Task prompt
Copy the data exactly as it appears, and do not include any pictures.

*** Opening Data section ***

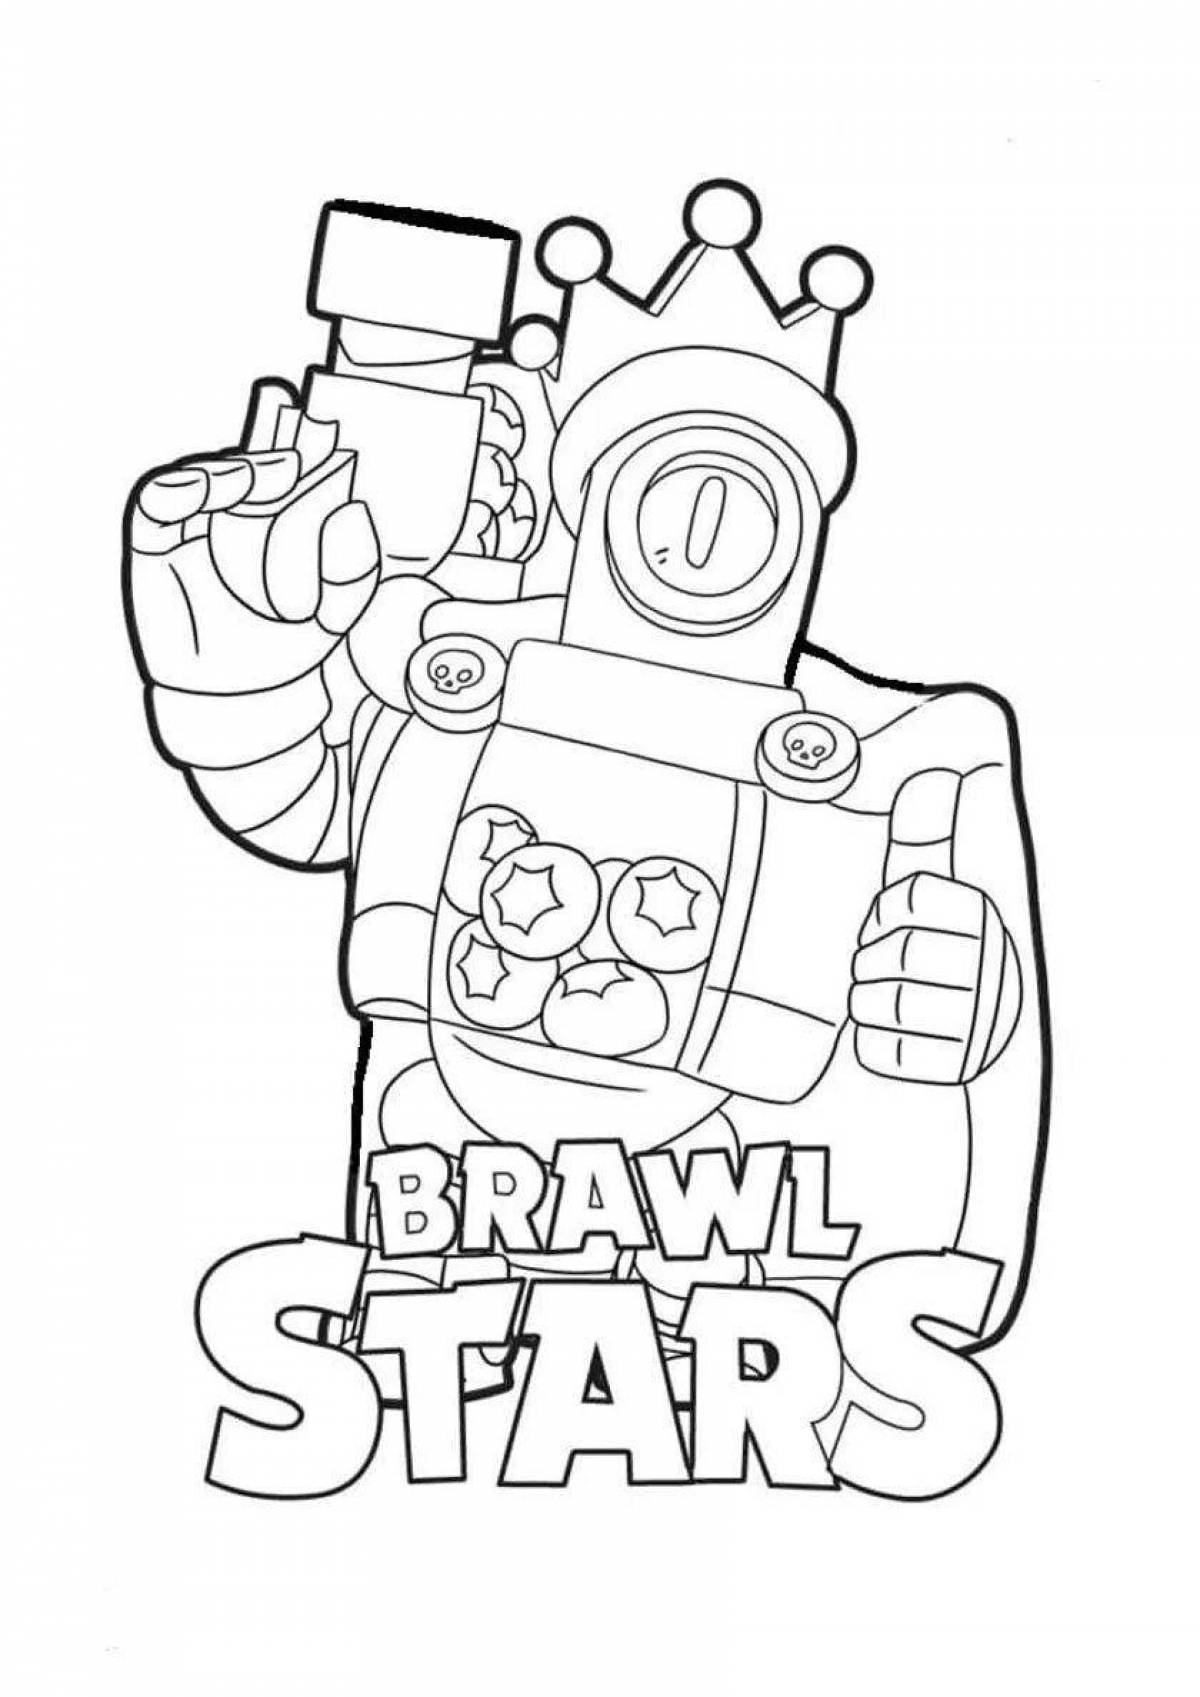 Color-frenzy brow start coloring page
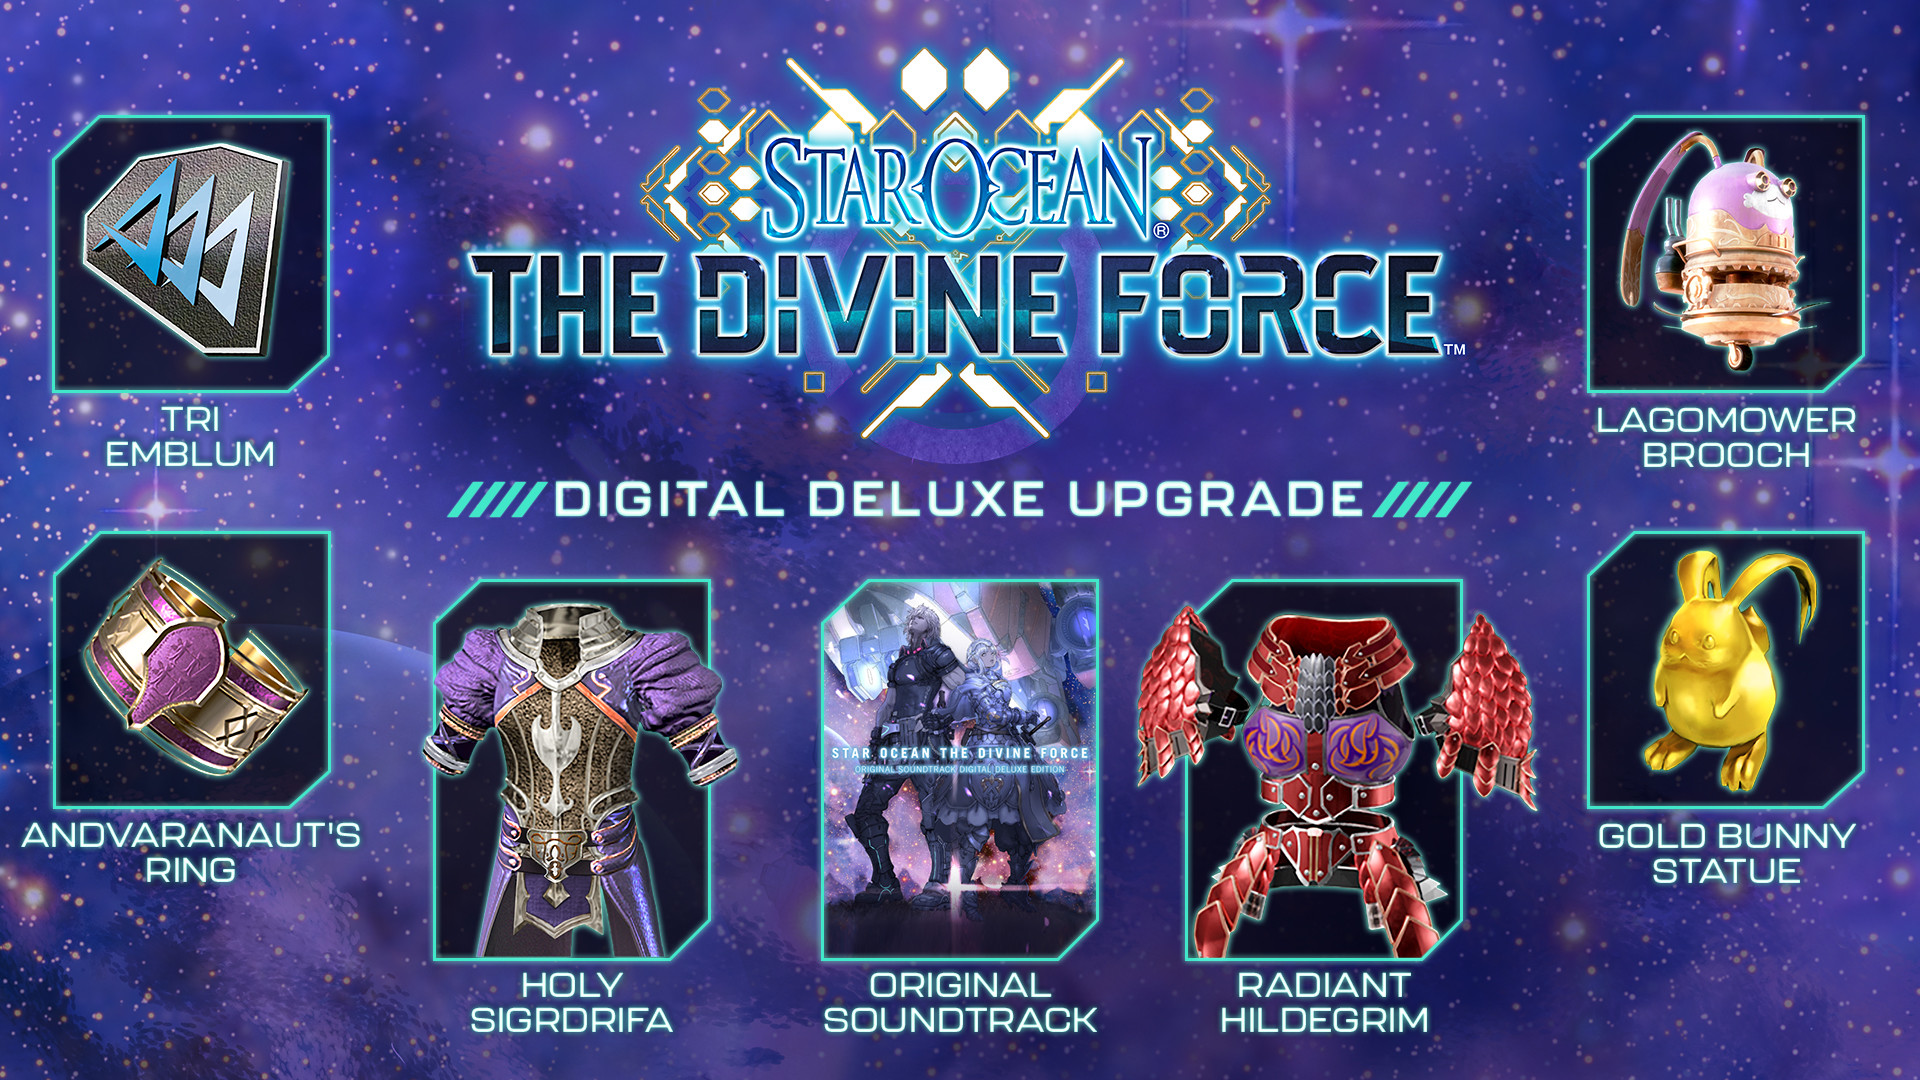 STAR OCEAN THE DIVINE FORCE DIGITAL DELUXE UPGRADE on Steam
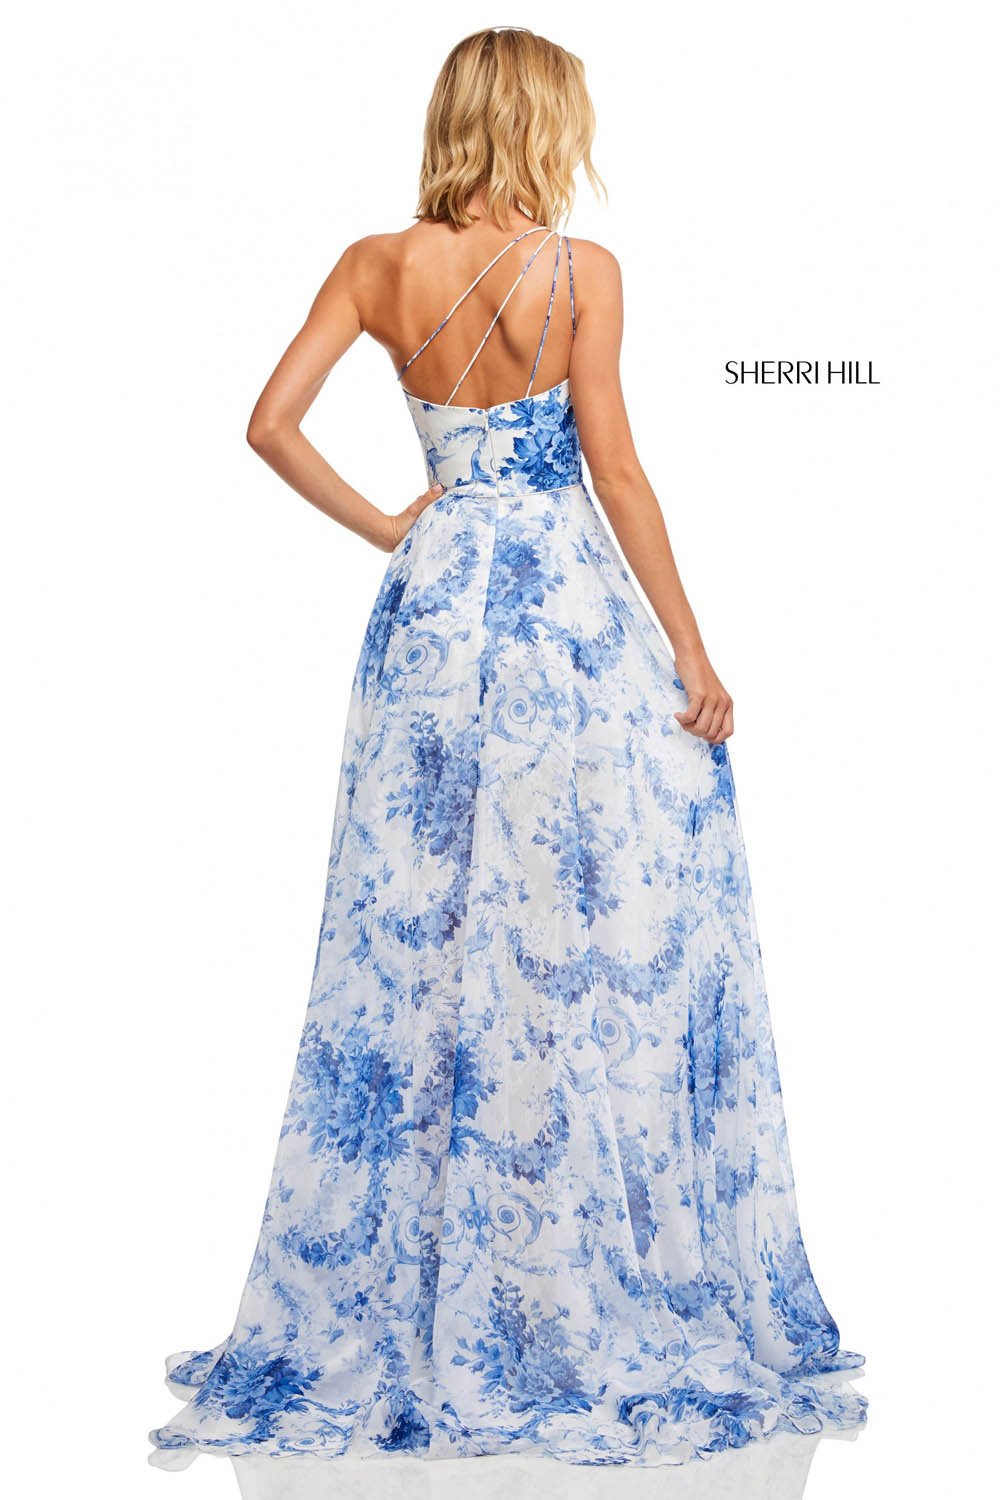 Sherri Hill 52728 dress images in these colors: Ivory Blue Print.
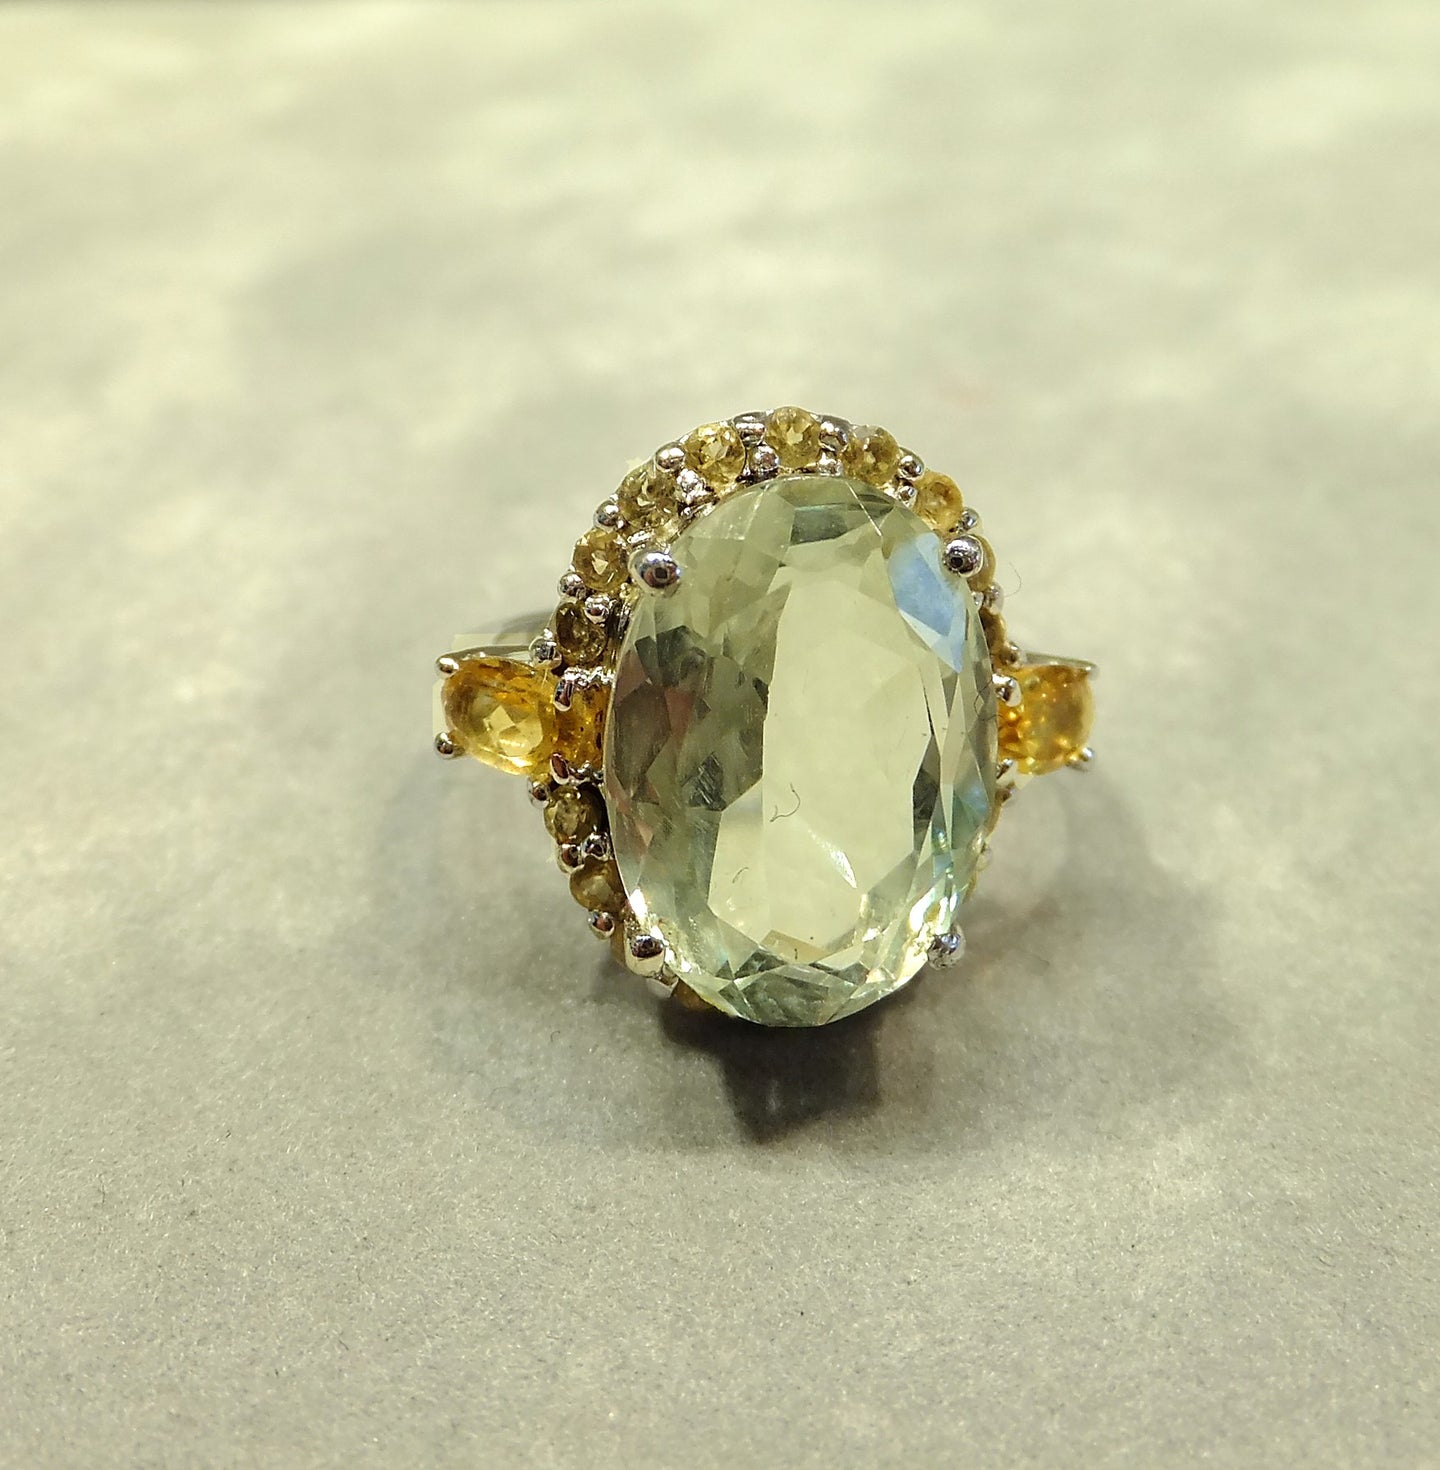 Oval Green Amethyst and Citrine Gemstone Ring

*** Closing Data section ***

Solution to the exercise
 Color-frenzy brow start coloring page
 STAR OCEAN THE DIVINE FORCE DIGITAL DELUXE UPGRADE on Steam
 Sherri Hill 52728 dress images in these colors: Ivory Blue Print.
 Oval Green Amethyst and Citrine Gemstone Ring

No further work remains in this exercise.